The Nigerian embassy in Berlin had fixed fees, as Osa’s research found: the Foreigners’ Registration Offices had apparently been charged €250 per hearing since 2005.[6] Then, suspicion arose that the embassy was making money off deportation papers. Criticism mounted; this practice also reeked of corruption. In response, the embassy officially eliminated the fees in 2011. Activist Rex Osa is certain that embassy workers were taking bribes; in Koroma’s case, they even pocketed a double fee. That was also why they had themselves invited to Karlsruhe twice. ‘It is an absolutely corrupt system. They’re dealing in deportations,’ says Osa.[7]
In 2015, Berlin journalist Daniel Mützel asked the Federal Police officers responsible for Koroma’s deportation if this could be true. Did the Federal Police offer ‘incentives’ to turn Koroma and others into Nigerians in order to deport them? The Federal Police headquarters in Potsdam near Berlin replied: ‘No incentives are offered by the Federal Police. Regarding the embassy’s motivation, no statement can be made from here.’
So is Koroma telling the truth? Does he really come from Sierra Leone? It certainly seems so. In any case, on 6 November 2013, shortly after his arrival, the authorities in Freetown issue him a passport numbered E0143344, which he has shown to the authors. According to this document, he was born on 7 December 1964 in Freetown, as he had told the authorities in Germany. When Osa visits him in 2014, they meet in Freetown at his family home. So does journalist Cooper Inveen in November 2016, on assignment for the German tageszeitung.[8]
The reason why Koroma and a succession of other deportees landed in Nigeria is that many consulates do not cooperate with the German Foreigners’ Registration Office, but Nigeria’s does. It is a dubious procedure: expensive, laborious, lengthy and, for those affected by it, torturous.
Yet it seems that the Foreigners’ Registration Office may not need to rely on such cooperation for much longer. The future of deportations could be different. Soon, everyone could be doing it just like Arne Sahlstedt, a police inspector in Gävle, central Sweden, a city of 70,000, a two-hour drive from Stockholm. Sahlstedt was also supposed to deport a man without a passport in October 2016. The man’s name is Fulani Camara, age 29, from Mali, an orphan.

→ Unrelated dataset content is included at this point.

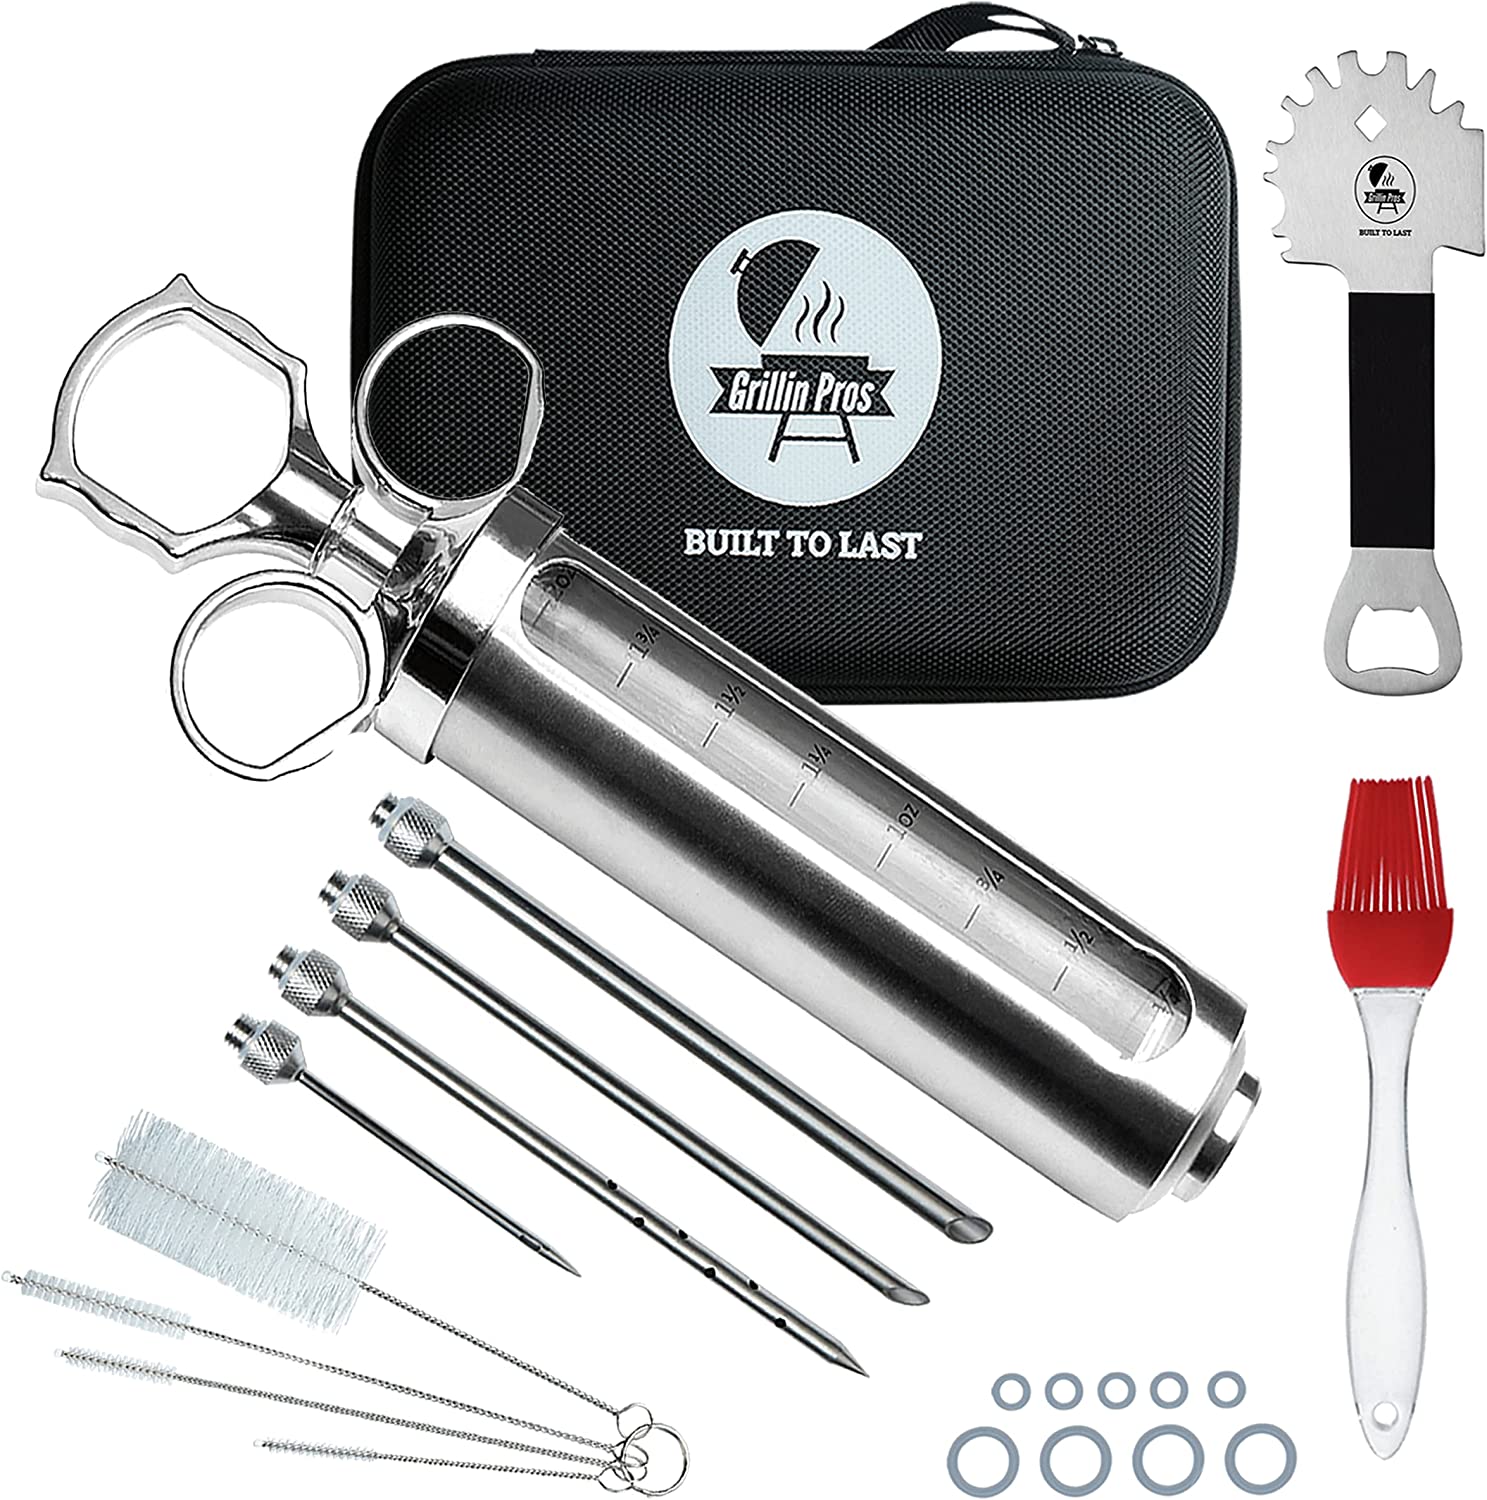 11 Piece Load-N-Go Meat Injector Kit – Grill Team Six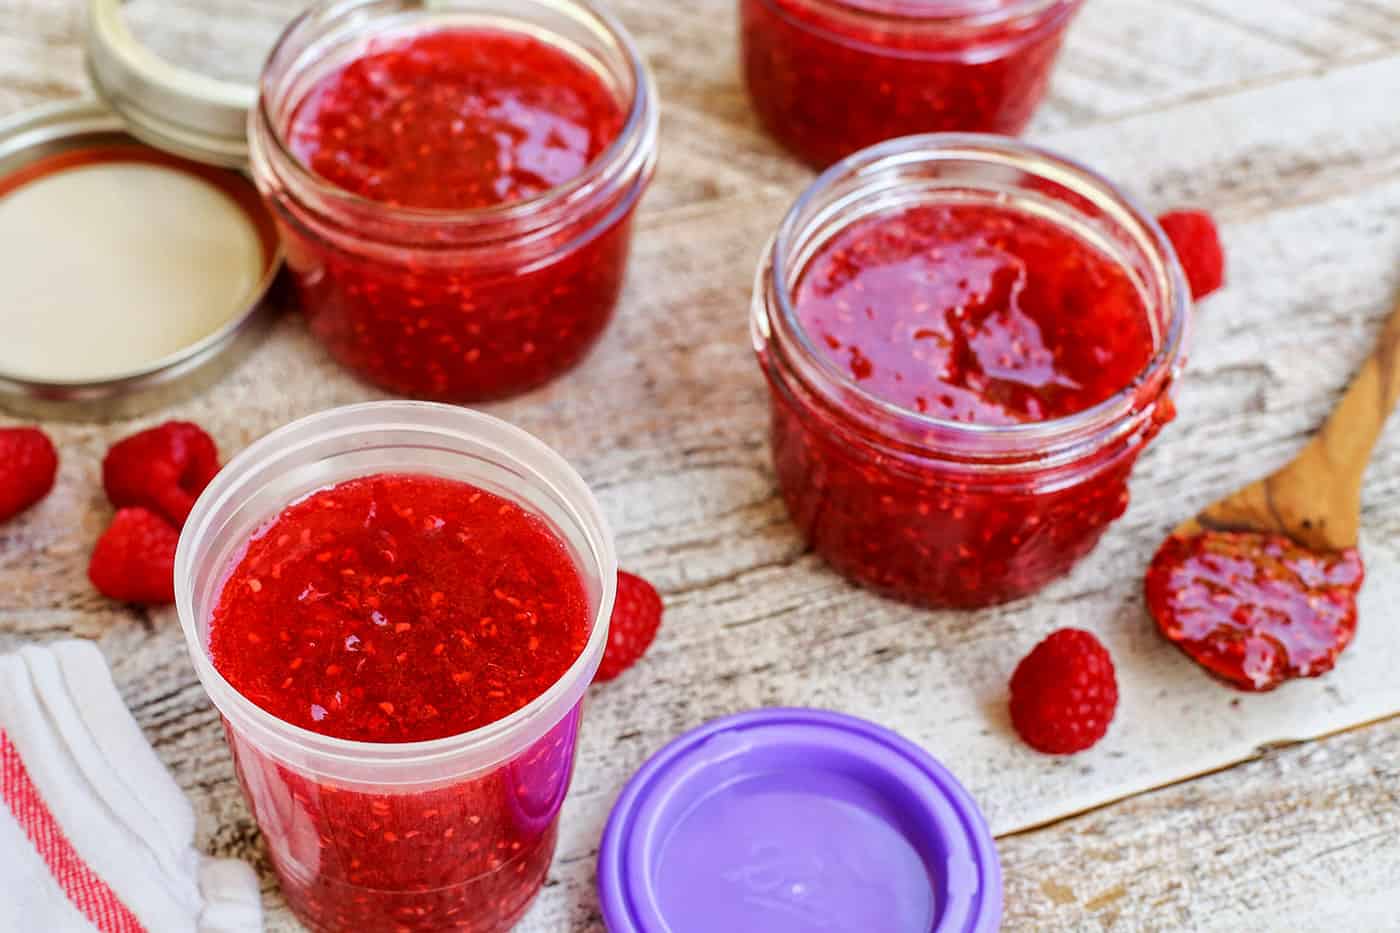 Containers filled with strawberry freezer jam

The Migration Agency in Gävle had expelled Camara after his asylum claim was denied, the same as had happened in Germany to Joseph Koroma. Like him, Camara did not leave the country. The Malian Embassy in Stockholm would not issue him a passport either. When the German tageszeitung inquires why not, the Gävle police do not want to give a reason, citing only ‘data protection’.[9] Mali is probably also listed as a ‘problem state’.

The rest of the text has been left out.